Latest revision as of 12:18, 21 November 2017

Problem

An urn contains marbles of four colors: red, white, blue, and green. When four marbles are drawn without replacement, the following events are equally likely:

(a) the selection of four red marbles;

(b) the selection of one white and three red marbles;

(c) the selection of one white, one blue, and two red marbles; and

(d) the selection of one marble of each color.

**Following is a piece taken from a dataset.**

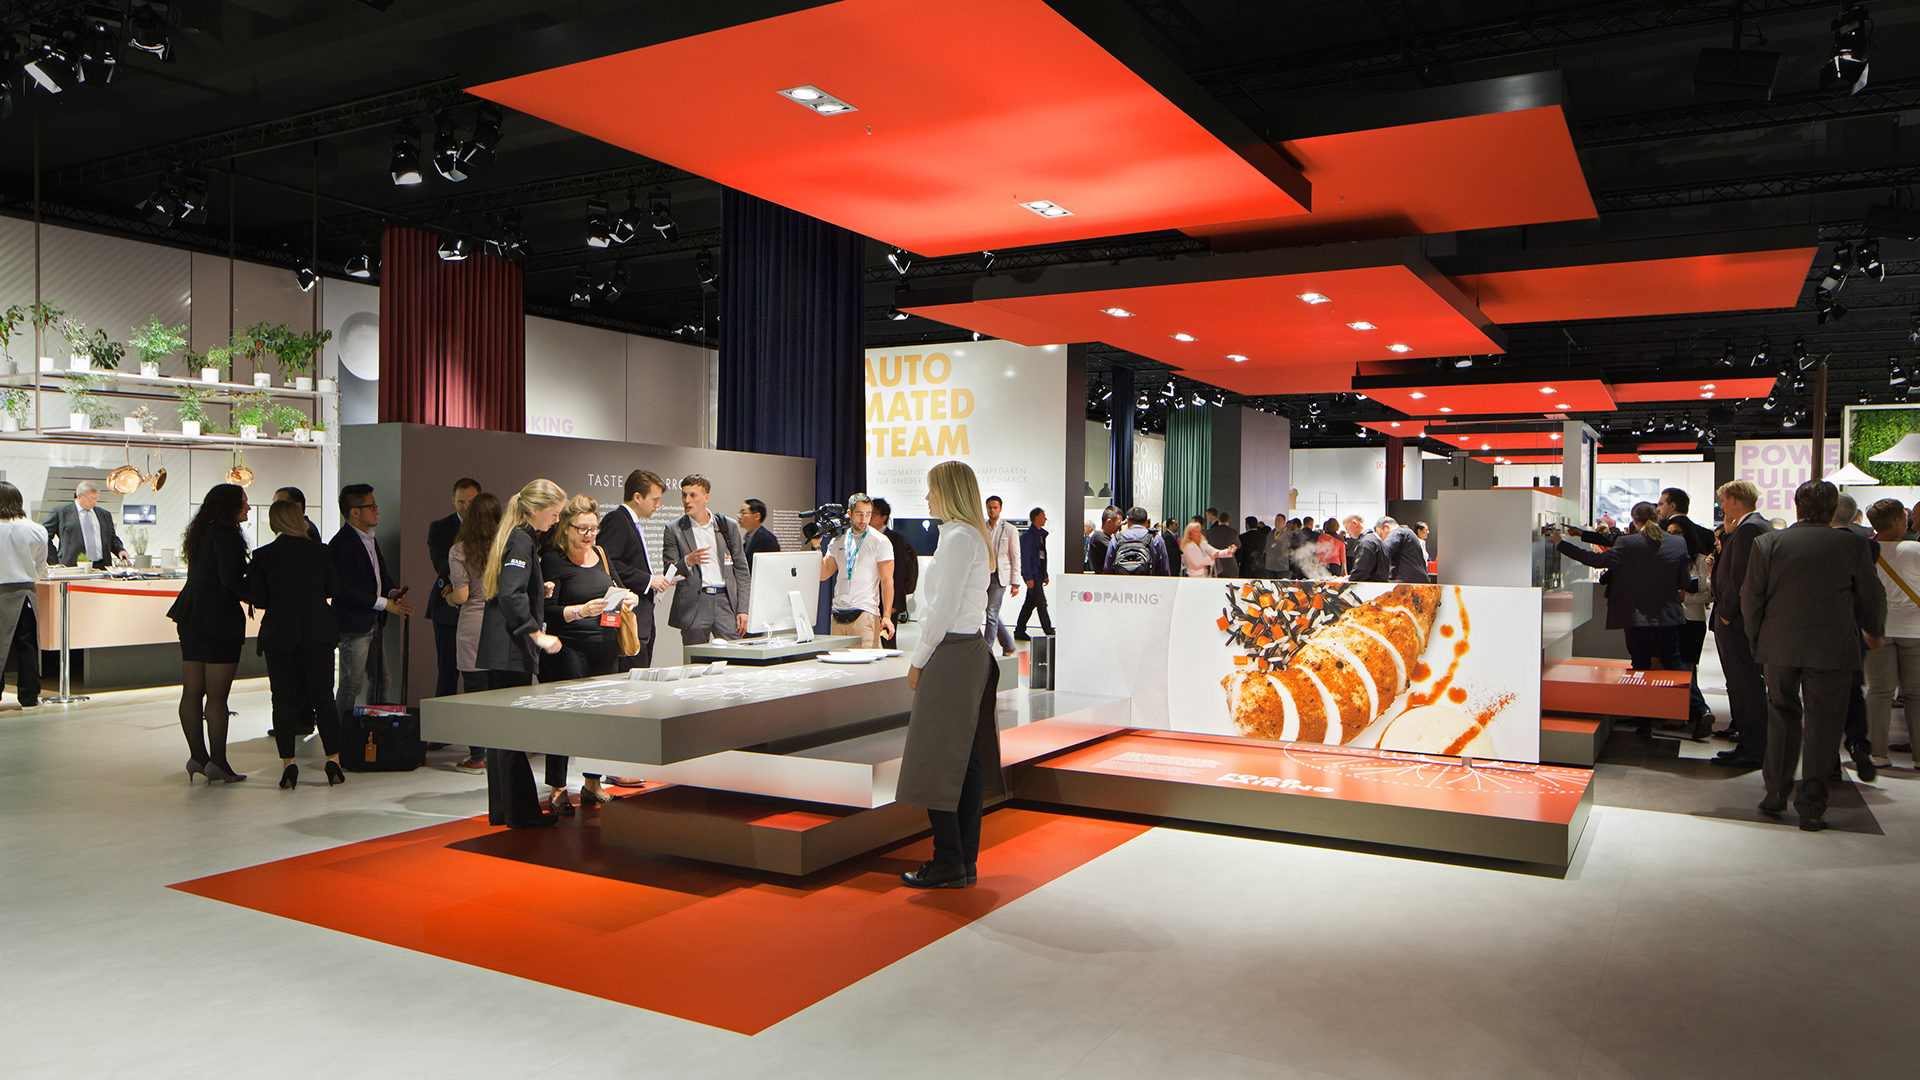 Dart stages the Electrolux fair stand at the IFA 2014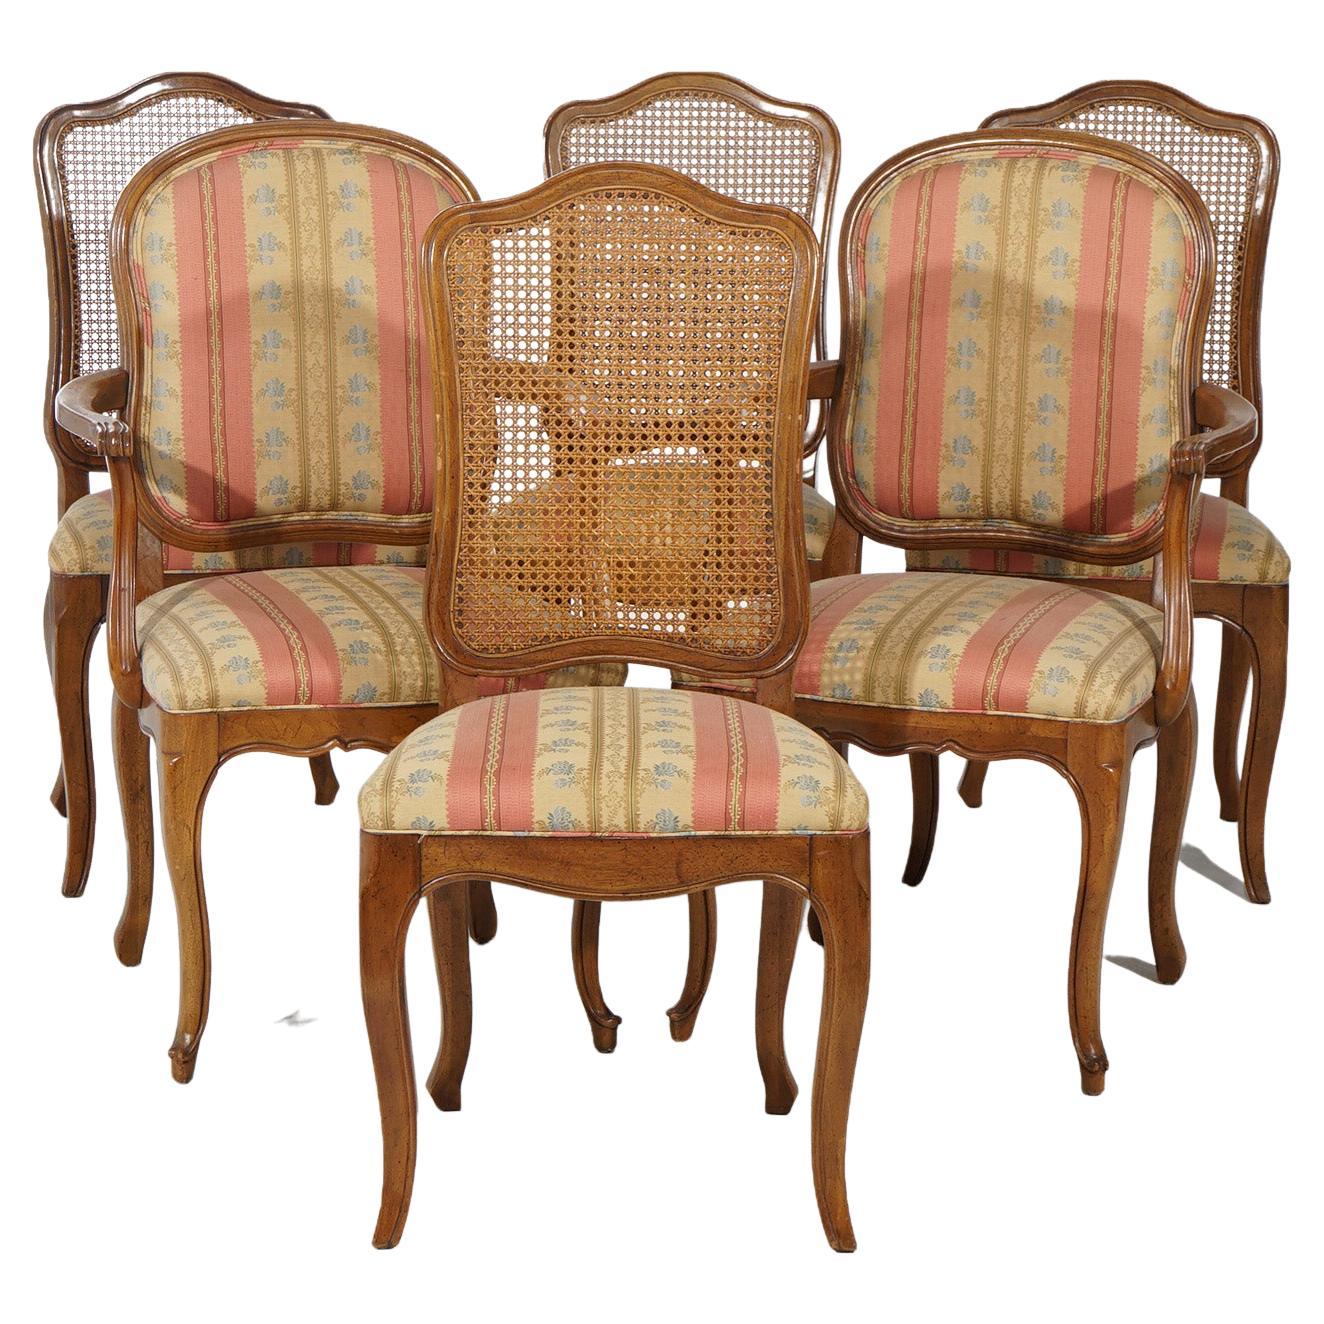 Six French Louis XIV Style Mahogany & Cane Dining Chairs 20th C For Sale

What is the smallest number of marbles satisfying the given condition?

$\text{(A)}\ 19\qquad\text{(B)}\ 21\qquad\text{(C)}\ 46\qquad\text{(D)}\ 69\qquad\text{(E)}\ \text{more than 69}$

Solution

Let the bag contain $n$ marbles total, with $r, w, b, g$ representing the number of red, white, blue, and green marbles, respectively. Note that $r + w + b + g = n$.

The number of ways to select four red marbles out of the set of marbles without replacement is:

\[\binom{r}{4} = \frac{r!}{24\cdot (r -4)!}\]

The number of ways to select one white and three red marbles is:

\[\binom{w}{1}\binom{r}{3} = \frac{w\cdot r!}{6\cdot (r - 3)!}\]

The number of ways to select one white, one blue, and two red marbles is:

\[\binom{w}{1}\binom{b}{1} \binom{r}{2} = \frac{wb\cdot r!}{2(r-2)!}\]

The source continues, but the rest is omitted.